JP2753339B2 - Multi-function pump - Google Patents

Description

DETAILED DESCRIPTION OF THE INVENTION <Industrial application field> The present invention relates to a multifunctional pump in which a vacuum pump and a compressor are arranged on the same rotating plane.

<Prior Art> A multifunctional pump in which a plurality of vanes are provided slidably in the radial direction at equal intervals on the circumference of a rotor eccentrically rotating in a pump housing, and a compressor and a vacuum pump are arranged on the same rotation plane is known. It is.
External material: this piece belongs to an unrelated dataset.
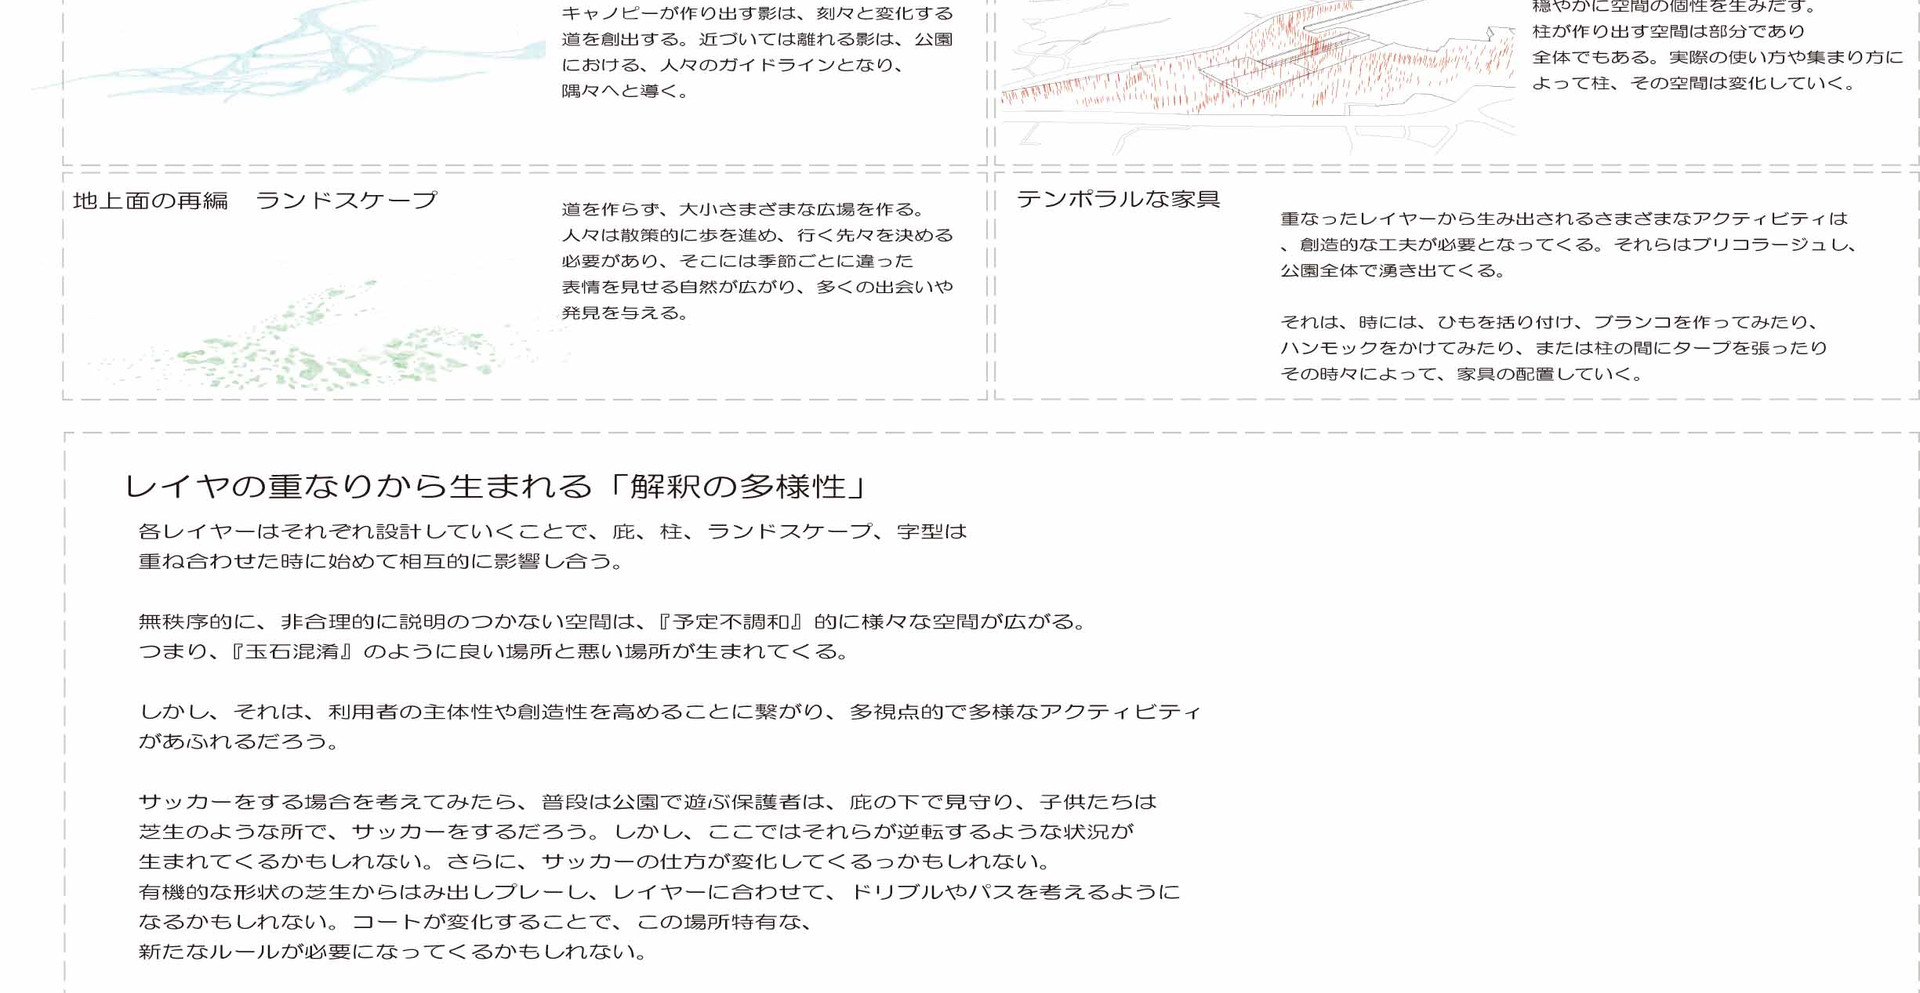 松崎優佑,06,jpg.jpg

<Problem to be Solved by the Invention> In this type of multifunctional pump, in a compressor region, when the vane ejection force due to the rotational centrifugal force is smaller than the vane pushing force due to the compressor pressure, the outer periphery of the rotor is inside the pump housing. A pressure leaks from the vane tip to the vacuum side in the seal section where the volume of the pump chamber shifts from the contraction operation to the expansion operation in contact with the circumference, and the vacuum performance is reduced. In order to prevent this, it is necessary to manage the clearance between the outer periphery of the rotor in the seal section and the inner periphery of the pump housing. Then, a very precise tolerance is required, and there is a problem that the clearance management is extremely difficult.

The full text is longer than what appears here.